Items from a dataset
##############################
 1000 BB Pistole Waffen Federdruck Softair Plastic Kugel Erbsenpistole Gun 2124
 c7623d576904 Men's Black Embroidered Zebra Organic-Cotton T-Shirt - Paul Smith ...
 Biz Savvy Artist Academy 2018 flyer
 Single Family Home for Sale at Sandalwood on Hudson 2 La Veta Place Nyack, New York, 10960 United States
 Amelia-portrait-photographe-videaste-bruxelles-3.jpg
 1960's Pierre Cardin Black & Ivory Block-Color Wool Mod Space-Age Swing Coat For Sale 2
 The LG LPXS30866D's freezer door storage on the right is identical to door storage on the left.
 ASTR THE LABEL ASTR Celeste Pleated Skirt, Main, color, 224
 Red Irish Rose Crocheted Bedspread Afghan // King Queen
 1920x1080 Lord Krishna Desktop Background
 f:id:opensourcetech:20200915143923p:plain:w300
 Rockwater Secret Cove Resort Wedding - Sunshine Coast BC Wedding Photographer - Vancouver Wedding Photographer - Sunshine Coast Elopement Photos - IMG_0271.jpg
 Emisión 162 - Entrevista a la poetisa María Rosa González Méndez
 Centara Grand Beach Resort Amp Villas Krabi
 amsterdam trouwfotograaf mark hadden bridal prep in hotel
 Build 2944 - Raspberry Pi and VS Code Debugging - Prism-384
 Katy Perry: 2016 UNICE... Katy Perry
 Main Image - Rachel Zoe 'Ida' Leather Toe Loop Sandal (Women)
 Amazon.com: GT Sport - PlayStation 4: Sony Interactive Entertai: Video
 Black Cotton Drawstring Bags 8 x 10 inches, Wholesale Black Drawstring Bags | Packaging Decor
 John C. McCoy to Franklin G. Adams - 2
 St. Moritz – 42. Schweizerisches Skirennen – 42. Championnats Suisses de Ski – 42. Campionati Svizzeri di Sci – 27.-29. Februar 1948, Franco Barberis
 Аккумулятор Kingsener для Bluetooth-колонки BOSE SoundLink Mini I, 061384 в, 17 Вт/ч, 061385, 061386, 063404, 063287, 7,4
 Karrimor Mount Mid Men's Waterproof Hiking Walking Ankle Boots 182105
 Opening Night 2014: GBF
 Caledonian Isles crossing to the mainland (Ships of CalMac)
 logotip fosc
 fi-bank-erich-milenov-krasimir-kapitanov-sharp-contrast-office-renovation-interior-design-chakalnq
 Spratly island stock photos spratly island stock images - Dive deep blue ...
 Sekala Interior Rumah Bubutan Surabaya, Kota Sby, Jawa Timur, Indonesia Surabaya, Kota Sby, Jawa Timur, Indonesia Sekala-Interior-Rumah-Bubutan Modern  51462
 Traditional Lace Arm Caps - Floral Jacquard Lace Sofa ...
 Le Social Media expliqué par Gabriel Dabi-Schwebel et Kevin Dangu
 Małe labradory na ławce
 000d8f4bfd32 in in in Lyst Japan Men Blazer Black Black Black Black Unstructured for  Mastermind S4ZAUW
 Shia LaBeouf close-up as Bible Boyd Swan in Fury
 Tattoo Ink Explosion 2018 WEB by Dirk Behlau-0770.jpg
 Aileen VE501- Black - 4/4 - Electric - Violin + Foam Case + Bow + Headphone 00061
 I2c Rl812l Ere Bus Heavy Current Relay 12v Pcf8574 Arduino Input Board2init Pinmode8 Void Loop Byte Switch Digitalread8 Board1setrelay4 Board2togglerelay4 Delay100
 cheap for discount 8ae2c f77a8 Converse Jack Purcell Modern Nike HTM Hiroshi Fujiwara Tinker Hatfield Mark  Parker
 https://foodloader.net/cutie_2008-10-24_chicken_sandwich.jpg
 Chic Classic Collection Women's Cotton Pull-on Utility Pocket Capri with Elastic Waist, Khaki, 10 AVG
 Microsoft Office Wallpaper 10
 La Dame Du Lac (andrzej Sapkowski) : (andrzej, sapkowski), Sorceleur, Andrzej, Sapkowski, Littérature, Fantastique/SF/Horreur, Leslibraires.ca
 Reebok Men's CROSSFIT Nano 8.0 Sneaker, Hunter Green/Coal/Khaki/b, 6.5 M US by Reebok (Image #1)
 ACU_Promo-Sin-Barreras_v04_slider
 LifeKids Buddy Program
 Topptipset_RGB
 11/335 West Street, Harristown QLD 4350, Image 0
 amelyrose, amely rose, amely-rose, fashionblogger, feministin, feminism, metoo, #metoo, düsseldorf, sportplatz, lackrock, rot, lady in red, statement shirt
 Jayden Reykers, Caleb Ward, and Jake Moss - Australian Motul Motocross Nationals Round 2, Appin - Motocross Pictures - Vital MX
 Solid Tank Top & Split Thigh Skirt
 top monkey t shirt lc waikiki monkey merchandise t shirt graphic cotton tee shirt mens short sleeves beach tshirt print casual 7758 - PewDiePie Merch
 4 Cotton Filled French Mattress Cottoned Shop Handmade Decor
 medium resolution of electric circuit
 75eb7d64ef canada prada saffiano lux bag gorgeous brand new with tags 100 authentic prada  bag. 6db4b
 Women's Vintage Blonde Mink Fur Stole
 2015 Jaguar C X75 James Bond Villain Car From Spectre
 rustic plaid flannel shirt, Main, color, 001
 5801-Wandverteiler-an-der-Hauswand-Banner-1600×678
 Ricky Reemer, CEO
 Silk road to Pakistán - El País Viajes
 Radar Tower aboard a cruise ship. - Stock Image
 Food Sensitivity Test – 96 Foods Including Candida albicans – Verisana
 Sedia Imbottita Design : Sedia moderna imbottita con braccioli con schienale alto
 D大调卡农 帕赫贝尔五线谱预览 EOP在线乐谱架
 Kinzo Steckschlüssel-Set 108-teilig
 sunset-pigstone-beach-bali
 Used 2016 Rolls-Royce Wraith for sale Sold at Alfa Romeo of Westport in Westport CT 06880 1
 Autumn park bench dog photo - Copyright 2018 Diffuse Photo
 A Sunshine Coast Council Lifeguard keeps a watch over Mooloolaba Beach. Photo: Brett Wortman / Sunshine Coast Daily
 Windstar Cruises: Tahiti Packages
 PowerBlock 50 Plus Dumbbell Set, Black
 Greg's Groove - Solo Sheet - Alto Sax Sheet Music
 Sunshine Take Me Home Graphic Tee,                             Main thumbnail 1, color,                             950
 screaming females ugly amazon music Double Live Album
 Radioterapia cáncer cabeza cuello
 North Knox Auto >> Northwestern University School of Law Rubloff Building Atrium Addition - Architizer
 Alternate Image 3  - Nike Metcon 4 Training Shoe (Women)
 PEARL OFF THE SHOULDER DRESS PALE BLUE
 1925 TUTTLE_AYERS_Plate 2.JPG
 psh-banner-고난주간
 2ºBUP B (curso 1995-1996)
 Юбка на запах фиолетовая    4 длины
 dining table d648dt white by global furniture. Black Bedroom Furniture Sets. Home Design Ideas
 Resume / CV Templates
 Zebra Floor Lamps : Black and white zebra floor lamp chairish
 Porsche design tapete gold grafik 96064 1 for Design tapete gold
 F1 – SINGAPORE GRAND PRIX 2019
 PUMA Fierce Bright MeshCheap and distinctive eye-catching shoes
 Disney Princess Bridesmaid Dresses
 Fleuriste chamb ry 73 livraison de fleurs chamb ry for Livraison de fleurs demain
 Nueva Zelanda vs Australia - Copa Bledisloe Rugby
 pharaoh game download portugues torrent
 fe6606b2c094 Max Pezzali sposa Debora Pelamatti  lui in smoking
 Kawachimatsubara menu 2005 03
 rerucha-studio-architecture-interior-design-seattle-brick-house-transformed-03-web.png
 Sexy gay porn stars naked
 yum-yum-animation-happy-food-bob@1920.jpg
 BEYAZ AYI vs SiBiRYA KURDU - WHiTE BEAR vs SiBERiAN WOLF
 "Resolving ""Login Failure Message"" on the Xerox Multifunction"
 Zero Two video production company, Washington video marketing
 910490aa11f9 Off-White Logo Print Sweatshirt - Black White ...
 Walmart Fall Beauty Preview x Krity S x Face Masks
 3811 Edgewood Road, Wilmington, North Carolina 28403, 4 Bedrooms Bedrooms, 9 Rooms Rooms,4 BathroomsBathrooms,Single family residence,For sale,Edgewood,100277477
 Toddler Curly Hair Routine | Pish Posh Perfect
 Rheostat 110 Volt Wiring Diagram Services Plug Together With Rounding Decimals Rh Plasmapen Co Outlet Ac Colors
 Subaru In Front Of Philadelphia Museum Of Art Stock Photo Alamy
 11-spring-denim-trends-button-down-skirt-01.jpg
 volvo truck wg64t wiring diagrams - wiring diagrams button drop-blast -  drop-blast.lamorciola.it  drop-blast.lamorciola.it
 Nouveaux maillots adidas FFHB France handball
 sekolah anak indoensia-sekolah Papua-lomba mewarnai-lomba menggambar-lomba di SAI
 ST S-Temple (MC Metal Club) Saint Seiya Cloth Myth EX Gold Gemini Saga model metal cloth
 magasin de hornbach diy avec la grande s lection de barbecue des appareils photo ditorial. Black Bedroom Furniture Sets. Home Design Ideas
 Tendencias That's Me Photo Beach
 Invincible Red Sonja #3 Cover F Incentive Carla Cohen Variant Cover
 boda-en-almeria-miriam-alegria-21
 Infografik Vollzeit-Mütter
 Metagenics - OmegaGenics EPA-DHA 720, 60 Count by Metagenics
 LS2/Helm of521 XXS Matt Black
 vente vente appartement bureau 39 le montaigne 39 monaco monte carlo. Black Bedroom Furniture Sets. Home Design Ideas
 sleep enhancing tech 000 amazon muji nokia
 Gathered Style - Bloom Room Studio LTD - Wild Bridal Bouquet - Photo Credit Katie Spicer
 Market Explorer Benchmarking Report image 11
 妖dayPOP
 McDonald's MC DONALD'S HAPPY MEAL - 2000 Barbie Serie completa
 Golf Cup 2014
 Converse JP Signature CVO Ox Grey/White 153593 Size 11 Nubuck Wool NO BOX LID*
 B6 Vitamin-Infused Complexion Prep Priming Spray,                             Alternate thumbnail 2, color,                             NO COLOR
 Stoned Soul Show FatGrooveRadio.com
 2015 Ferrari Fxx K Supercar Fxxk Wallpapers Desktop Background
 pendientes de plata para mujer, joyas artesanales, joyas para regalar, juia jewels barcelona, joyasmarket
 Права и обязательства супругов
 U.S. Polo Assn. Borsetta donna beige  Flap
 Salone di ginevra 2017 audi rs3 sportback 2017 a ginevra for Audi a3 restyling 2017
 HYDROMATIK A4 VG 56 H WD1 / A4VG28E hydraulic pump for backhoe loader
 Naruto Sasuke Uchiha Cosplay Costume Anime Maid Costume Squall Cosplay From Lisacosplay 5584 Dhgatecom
##############################
▸ INSTRUCTIONS TO FOLLOW
Beginning at the first line above, repeat exactly until the line containing "Main Image - Rachel", which is included.

▸ SOLUTION FOR THIS EXERCISE
 1000 BB Pistole Waffen Federdruck Softair Plastic Kugel Erbsenpistole Gun 2124
 c7623d576904 Men's Black Embroidered Zebra Organic-Cotton T-Shirt - Paul Smith ...
 Biz Savvy Artist Academy 2018 flyer
 Single Family Home for Sale at Sandalwood on Hudson 2 La Veta Place Nyack, New York, 10960 United States
 Amelia-portrait-photographe-videaste-bruxelles-3.jpg
 1960's Pierre Cardin Black & Ivory Block-Color Wool Mod Space-Age Swing Coat For Sale 2
 The LG LPXS30866D's freezer door storage on the right is identical to door storage on the left.
 ASTR THE LABEL ASTR Celeste Pleated Skirt, Main, color, 224
 Red Irish Rose Crocheted Bedspread Afghan // King Queen
 1920x1080 Lord Krishna Desktop Background
 f:id:opensourcetech:20200915143923p:plain:w300
 Rockwater Secret Cove Resort Wedding - Sunshine Coast BC Wedding Photographer - Vancouver Wedding Photographer - Sunshine Coast Elopement Photos - IMG_0271.jpg
 Emisión 162 - Entrevista a la poetisa María Rosa González Méndez
 Centara Grand Beach Resort Amp Villas Krabi
 amsterdam trouwfotograaf mark hadden bridal prep in hotel
 Build 2944 - Raspberry Pi and VS Code Debugging - Prism-384
 Katy Perry: 2016 UNICE... Katy Perry
 Main Image - Rachel Zoe 'Ida' Leather Toe Loop Sandal (Women)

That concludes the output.